**YOUR INSTRUCTIONS**
Once you reach the line that holds "melting ice reveals" in the listing below, output it and every line after it through the line that holds "Body Parts - 26", word for word.

━━ EXTRACTED RECORDS

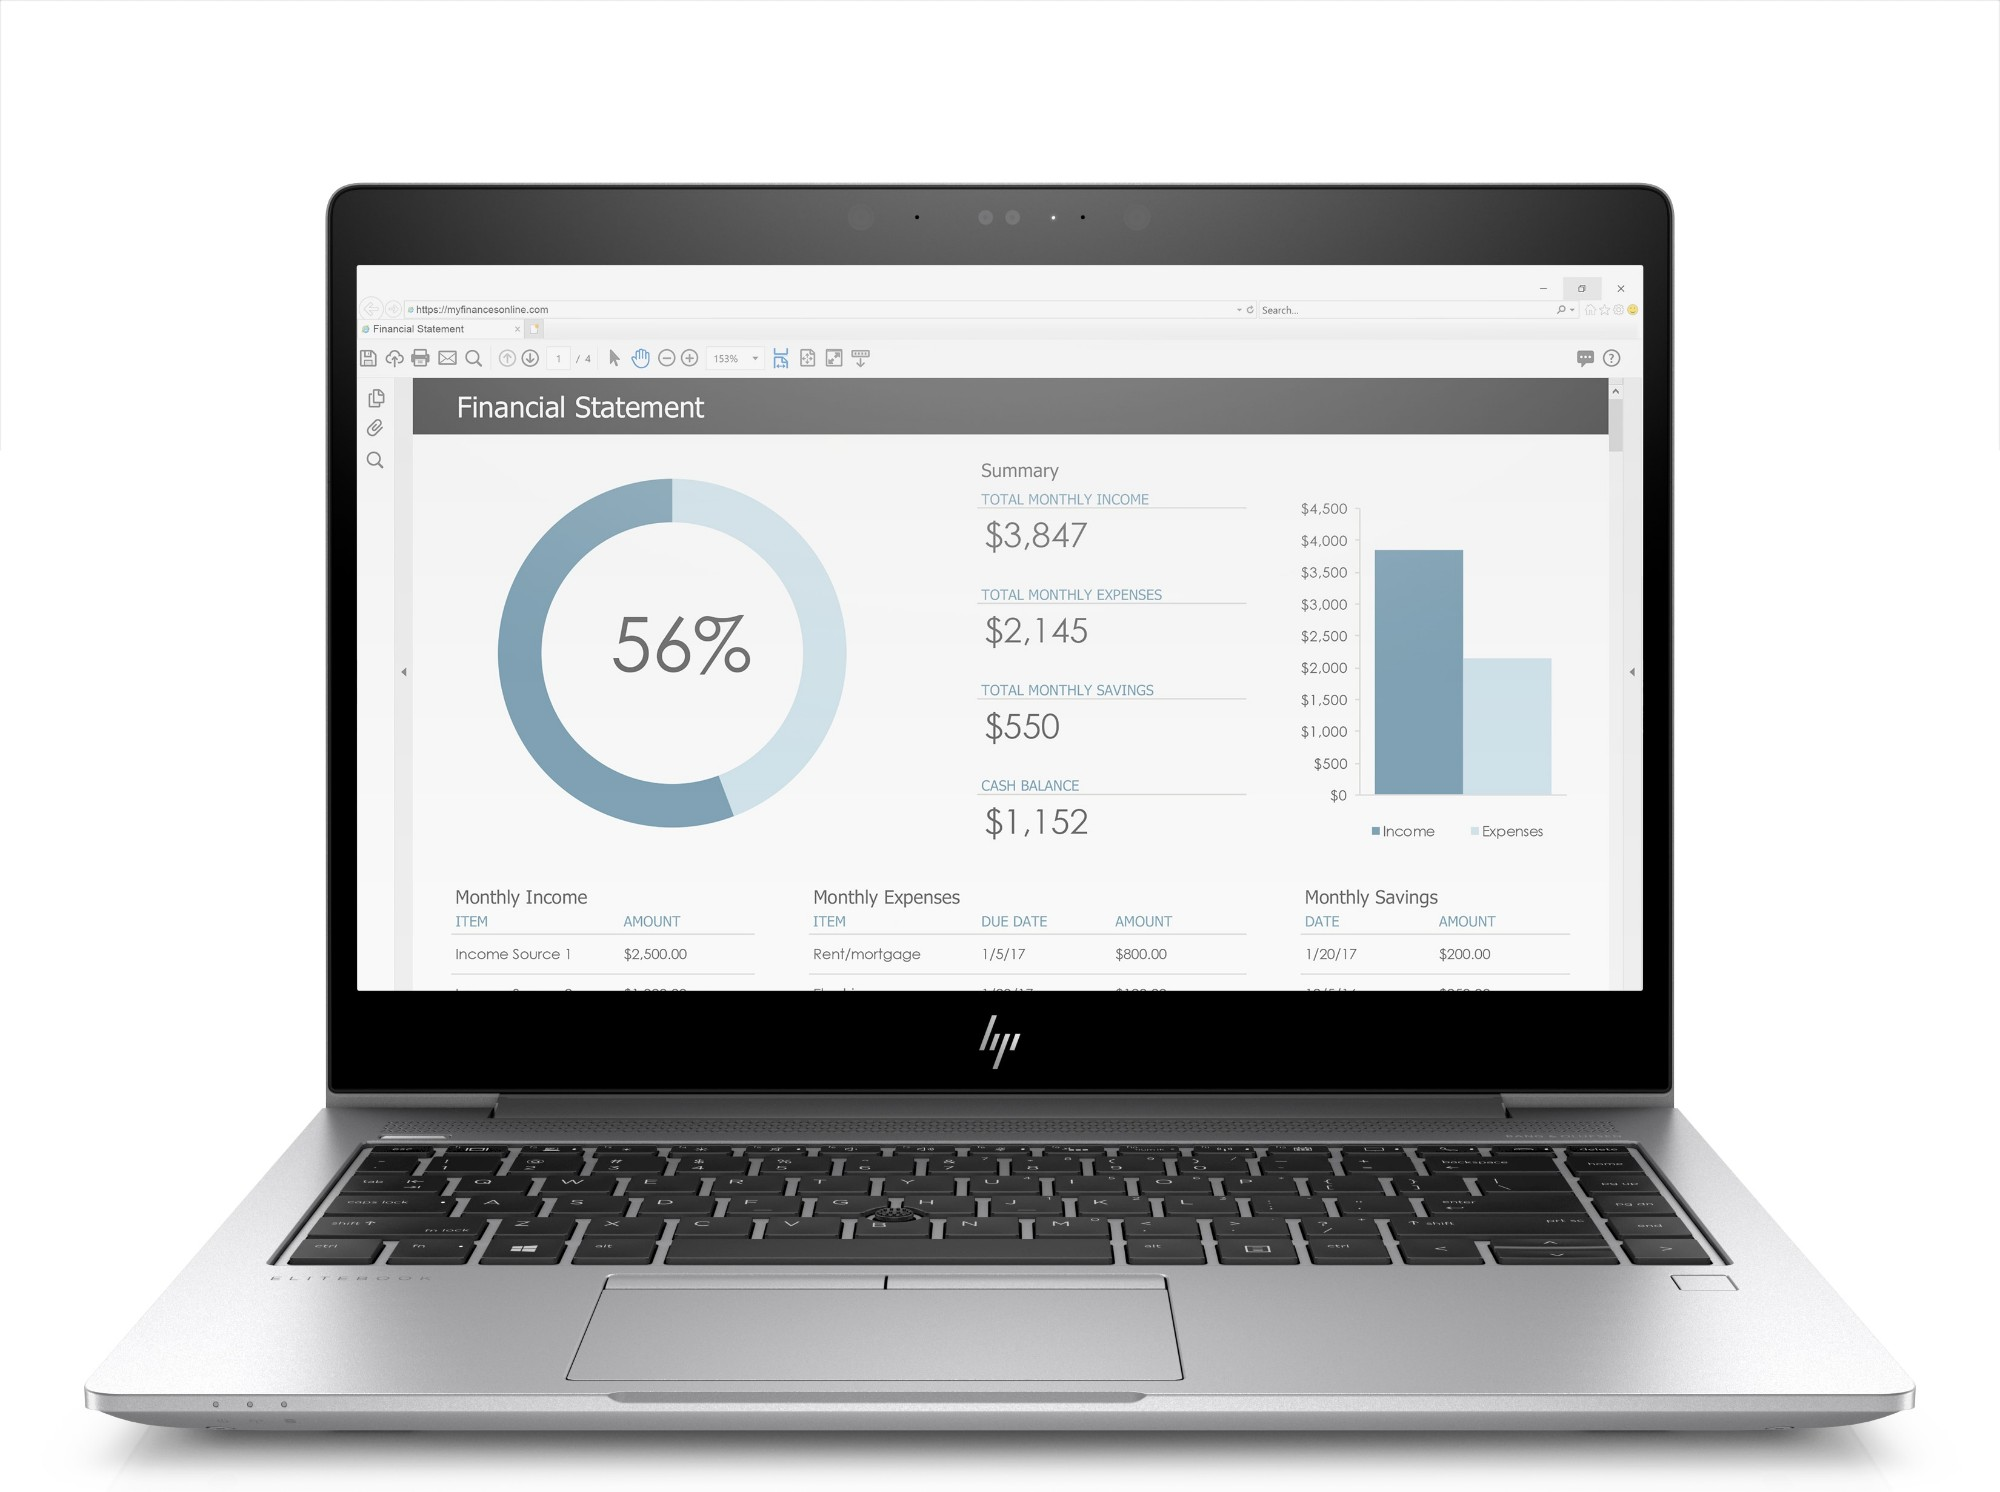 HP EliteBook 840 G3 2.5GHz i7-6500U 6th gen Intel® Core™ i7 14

━━━━
━━ EXTRACTED RECORDS

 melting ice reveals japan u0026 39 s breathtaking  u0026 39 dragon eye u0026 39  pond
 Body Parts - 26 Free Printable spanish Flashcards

━━━━

**YOUR RESPONSE**
 melting ice reveals japan u0026 39 s breathtaking  u0026 39 dragon eye u0026 39  pond
 Body Parts - 26 Free Printable spanish Flashcards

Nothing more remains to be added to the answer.